A kickwheel to which an electric motor has been attached. The motor drives the revolving cement disk. A foot pedal works like a light-dimmer-switch to control the variable speed of this wheel.
Also see bat, centering, and throwing.
pottery - Objects, and especially vessels — pots, which are made from fired clay, including earthenware, stoneware and porcelain. Pots are functional ceramic objects, and may take such forms as plates, bowls, cups, jars, vases, urns, ewers (pitchers), bottles, and boxes. A pottery can also be a place where pots are made.
Japan, "Sue Potter," Kofun Period, 7th century, Tall-necked vase, excavated from Kaniana Tumulus, Toba-shi, Mie, glazed pottery, height 55.7, mouth diameter 24.0 cm, Tokyo National Museum.
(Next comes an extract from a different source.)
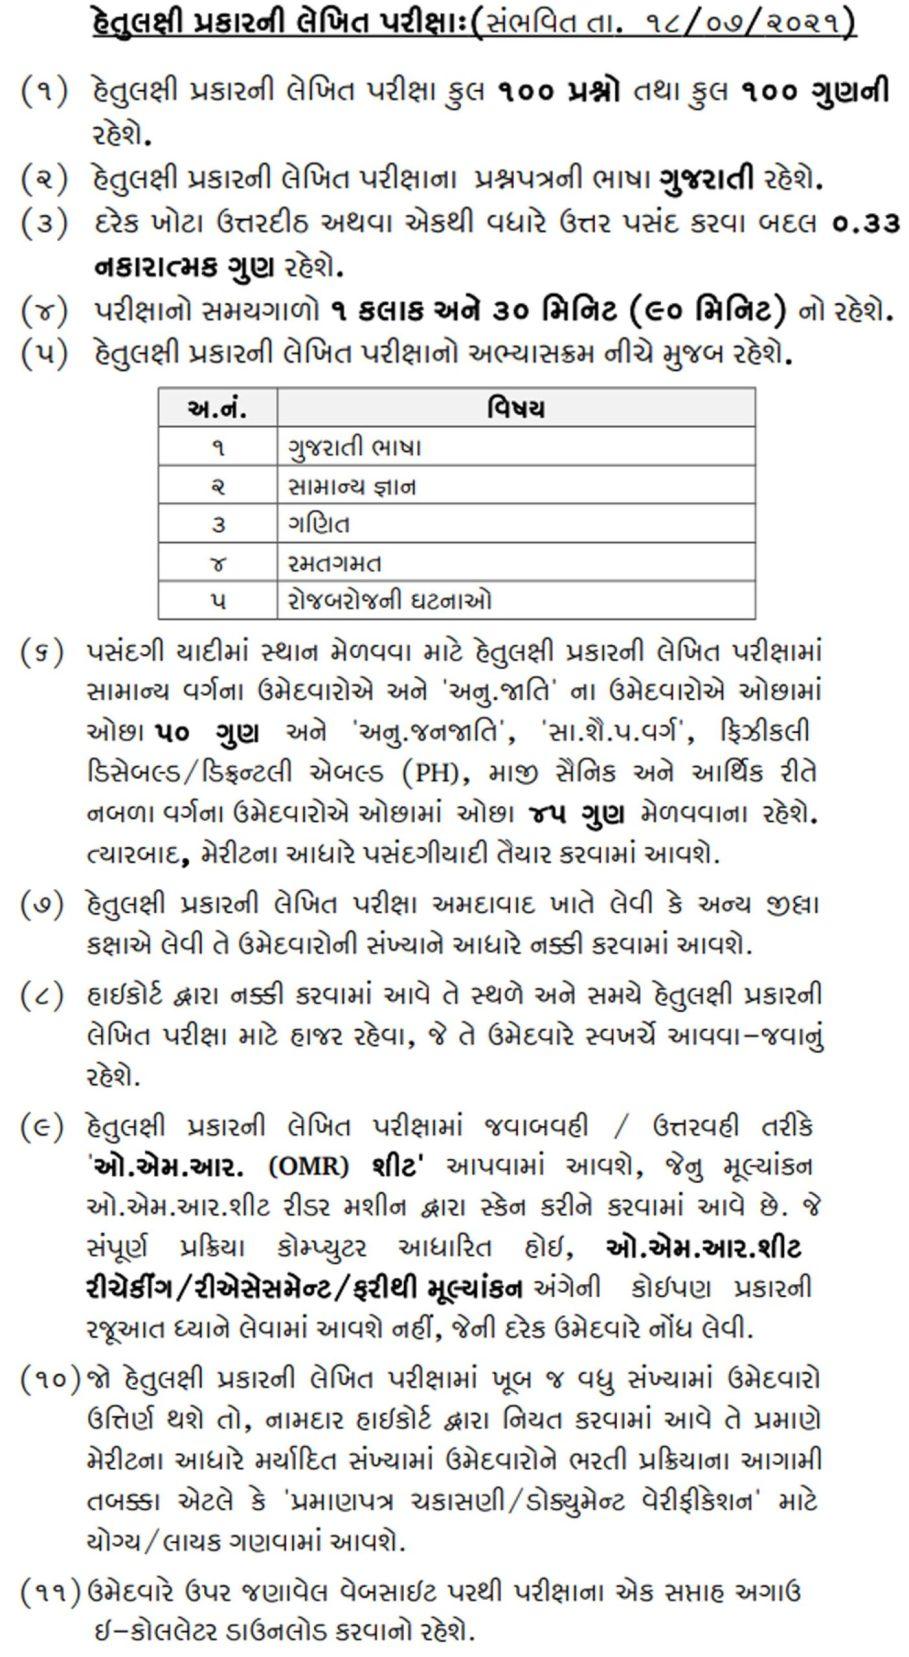 Gujarat High Court Attendant Exam Pattern & Syllabus 2021

Japanese authorities consider this to be an "Important Cultural Property." See Japanese art and vase.
Bernard Leach (English, 1887-1979), Deer Plate, 1973-4, lithograph on paper, image: 48.3 x 41.3 cm, Tate Gallery, London. This and the following prints depict pots made by Leach — the plate in the late 1920s, diameter c. 19 inches.
Bernard Leach, Fish Vase, 1973-4, lithograph on paper, image: 50.8 x 29.8 cm, Tate Gallery, London. Fish Vase was made c. 1931, height c. 13 inches.
Also see glaze, Index of American Design, kiln, majolica, potter's wheel, sculpture, and terra cotta.
pound - A unit of weight measurement (in the US) equal to 16 ounces. To convert pounds into grams, multiply by 453.59; into kilograms, x 0.4536. Abbreviated lb. or with a #.
pour - The process of filling a mold with the material which will form a sculpture.
Also see casting and lost-wax casting.
Poussinisme - The doctrine that form, rather than color, was the most important element in painting, as it is in the works of Nicolas Poussin (French, 1593/94-1665). It highly valued draftsmanship and linear style of painting. Poussinisme was a movement in seventeenth century France which arose in reaction to Rubénisme, which favored the coloristic brilliance and painterly style of Peter Paul Rubens (Flemish, 1577-1640). The Poussinistes were led by Charles Lebrun (French, 1619-1790), although Lebrun's work shows him emulating Rubens's style along with Poussin's. Rubens, Poussin, the Rubenistes, and the Poussinistes were all active during the Baroque period of art.
Paintings by Poussin and Lebrun:
Nicolas Poussin (French, 1593/94-1665), Parnassus, oil on canvas, 145 x 197 cm, Prado Museum, Madrid. Also see Neoclassicism.
Nicolas Poussin, Arcadian Shepherds (Et in Arcadia Ego), aka Les Bergers d'Arcadie, Louvre.
This painting has special significance to those who are interested in the theories propounded in the recent best-selling novel The Da Vinci Code, and elsewhere, concerning the (supposed) truth about the Holy Grail (or Sangre Royal ) — a secret kept by the Knights Templar and a mysterious society called the Priory of Zion, or Prieure de Sion. The Priory is said to have been headed at various times by such men as Jacques DeMolay, Leonardo da Vinci, Isaac Newton, Claude Debussy, and Jean Cocteau. Poussin is said to have been one of this society's members, and to have left a clue in this painting. The mountains in the painting are said to represent a range seen near the village of Arques, in the region of Languedoc. One of the shepherds in it points to words carved into a tomb: "Et in Arcadia Ego" . . . In Arcadia I am. The tomb is said to have actually existed near Arques, but it is no longer there, having been suddenly demolished in the late 1960's under mysterious circumstances. The reason: supposedly people were too close to learning the truth of the mystery of the Holy Grail . . . the Sangre Royal. The secret that many powerful people do not want you to know: descendants of a child begat by Christ and Mary Magdalene either lived or continue to live in France to this day.
Charles Lebrun (French, 1619-1690), Alexander and Porus, 1673, oil on canvas. See expression.
A painting by Rubens:
Peter Paul Rubens, Isabella Brant, c. 1620, oil on wood, Cleveland Museum of Art.